### Records for the task
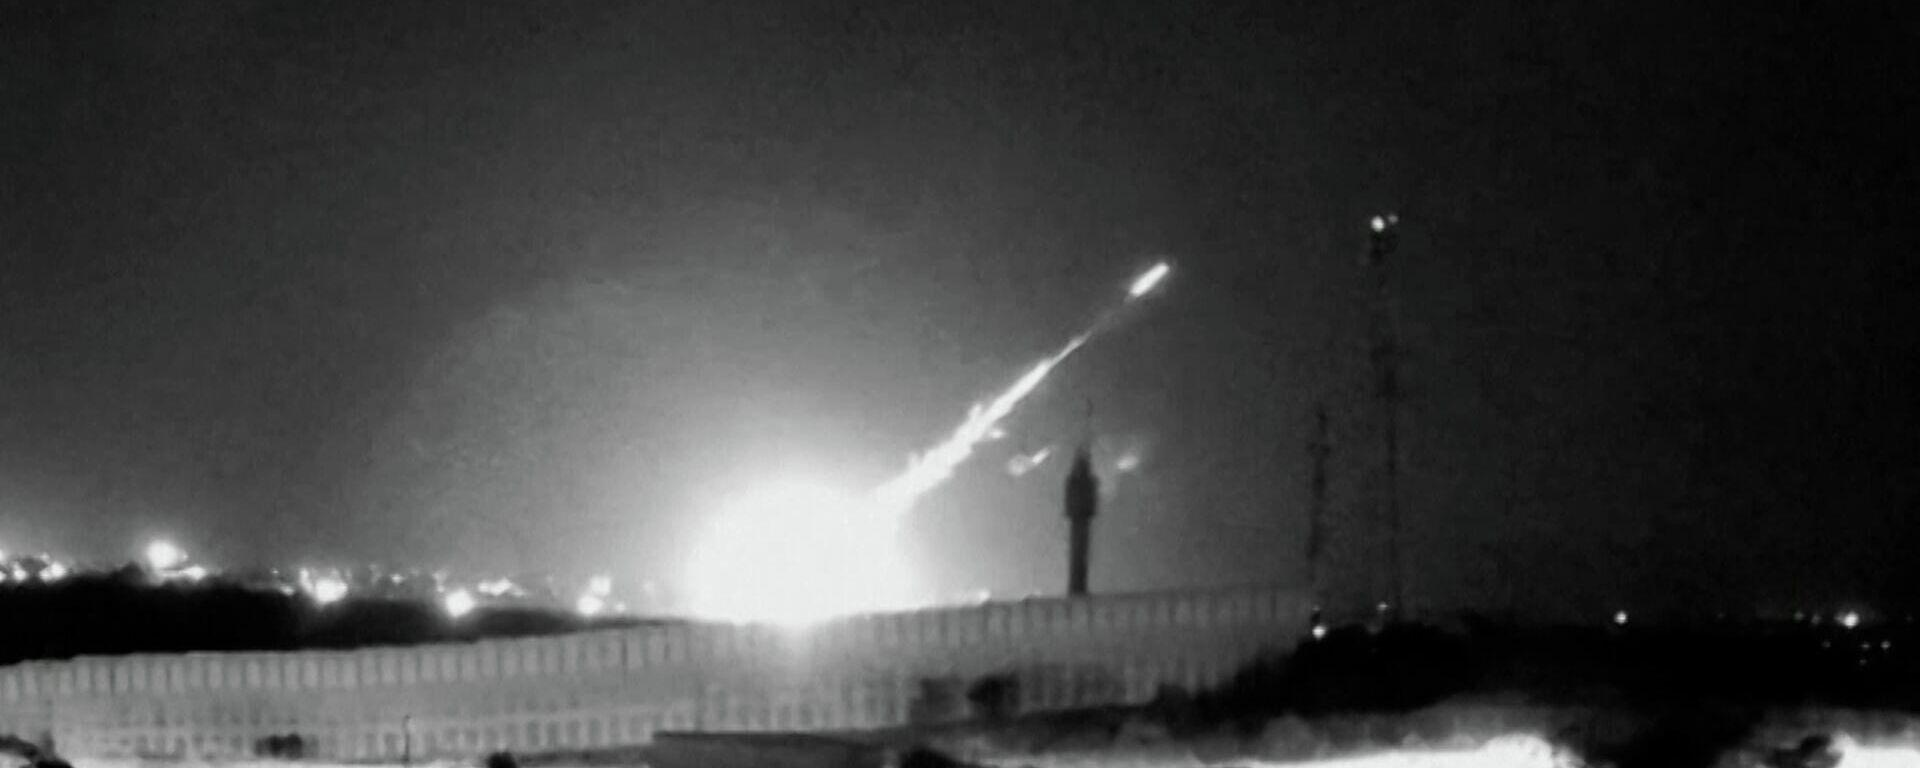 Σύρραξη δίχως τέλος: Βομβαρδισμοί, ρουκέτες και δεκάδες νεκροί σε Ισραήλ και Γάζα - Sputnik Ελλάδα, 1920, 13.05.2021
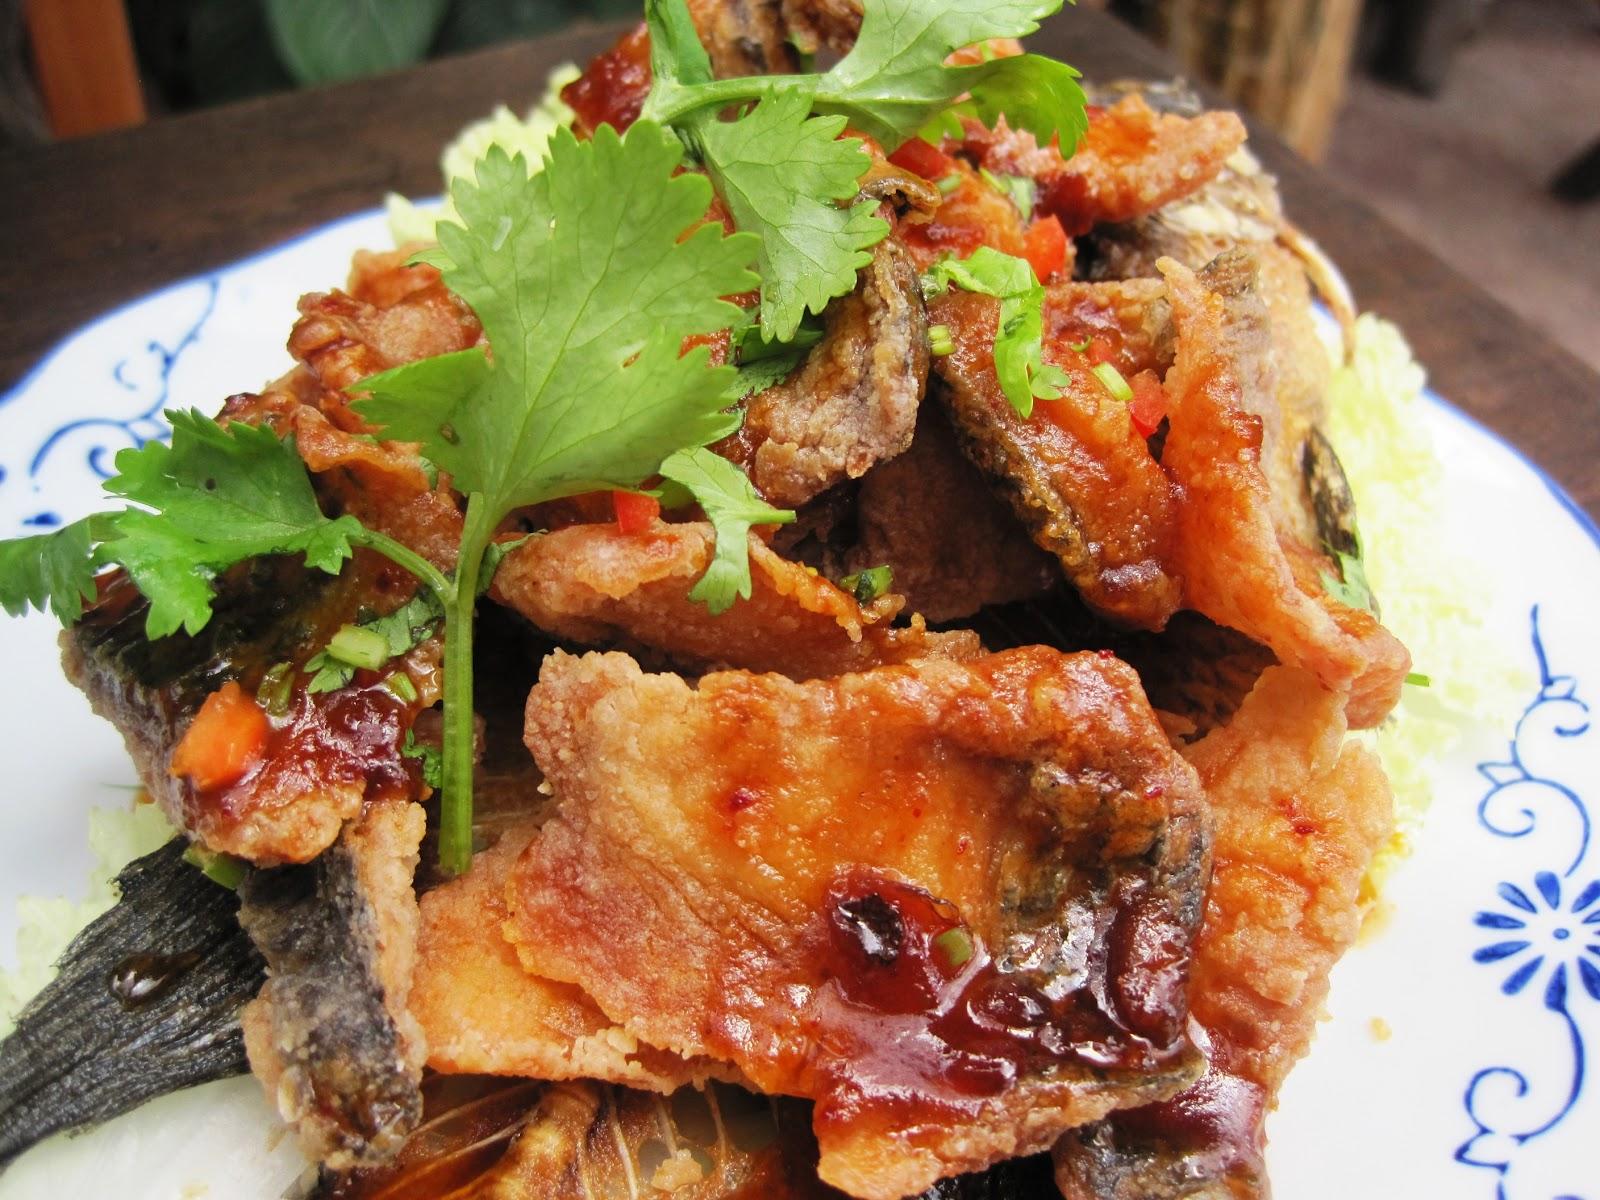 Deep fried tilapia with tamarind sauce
--
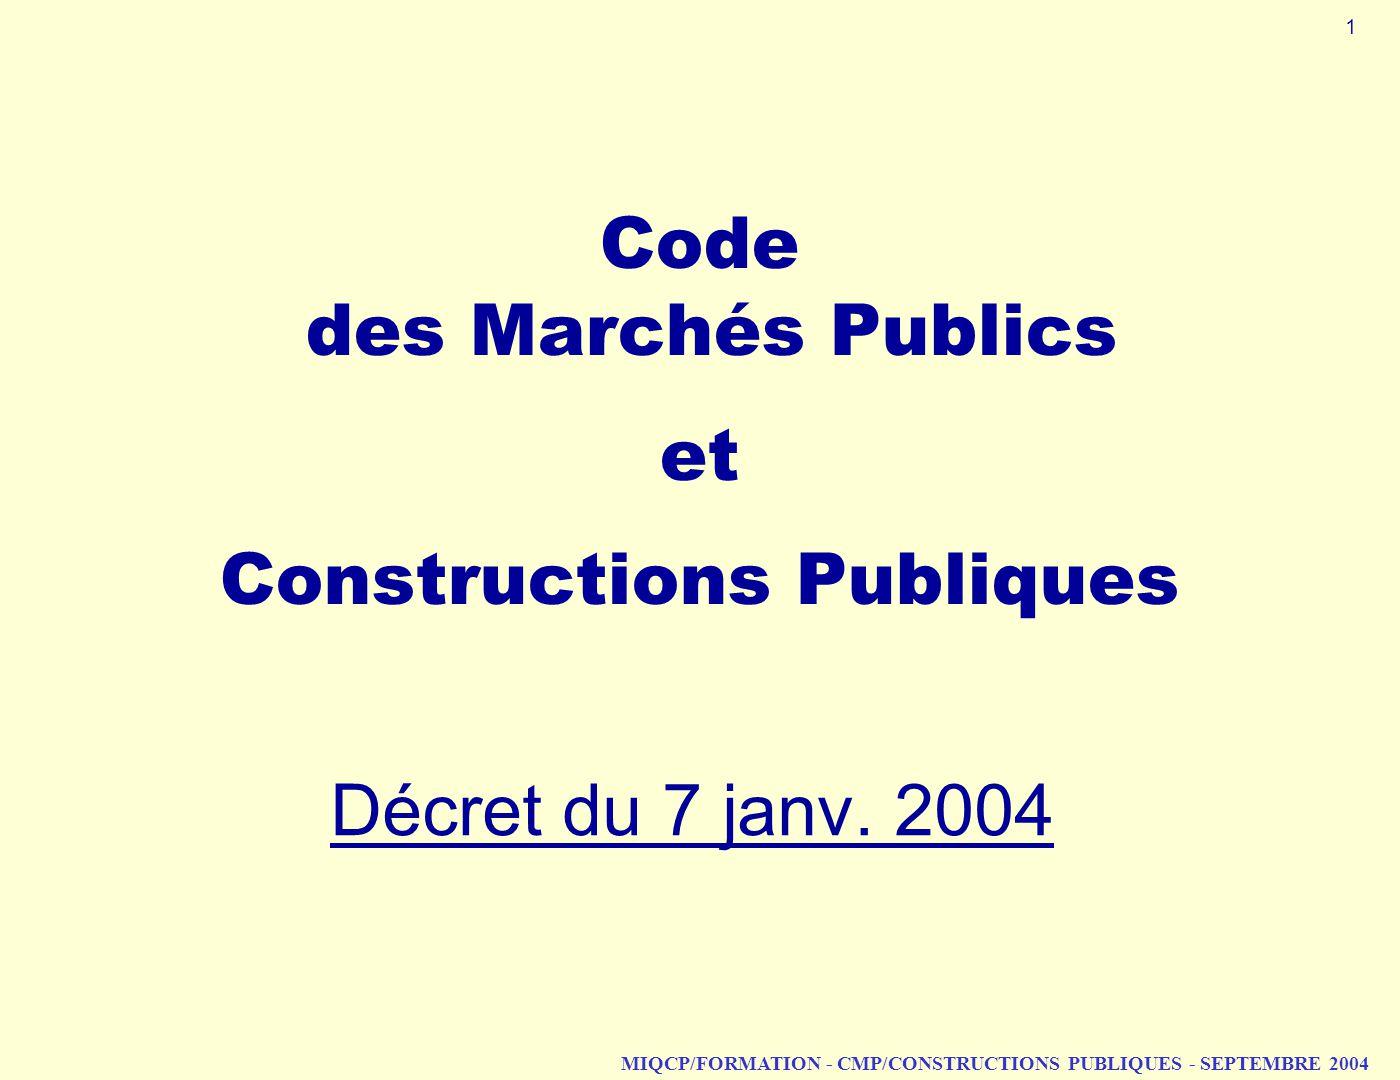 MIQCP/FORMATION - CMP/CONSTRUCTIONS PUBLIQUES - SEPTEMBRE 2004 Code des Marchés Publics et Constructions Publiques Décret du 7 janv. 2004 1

### What the task asks
Output exactly the lines above that lie between the line with "Σύρραξη δίχως τέλος: Βομβαρδισμοί, ρουκέτες" and the line with "Deep fried tilapia with tamarind sauce", those two lines included, and no pictures.

### Answer space
 Σύρραξη δίχως τέλος: Βομβαρδισμοί, ρουκέτες και δεκάδες νεκροί σε Ισραήλ και Γάζα - Sputnik Ελλάδα, 1920, 13.05.2021
 Deep fried tilapia with tamarind sauce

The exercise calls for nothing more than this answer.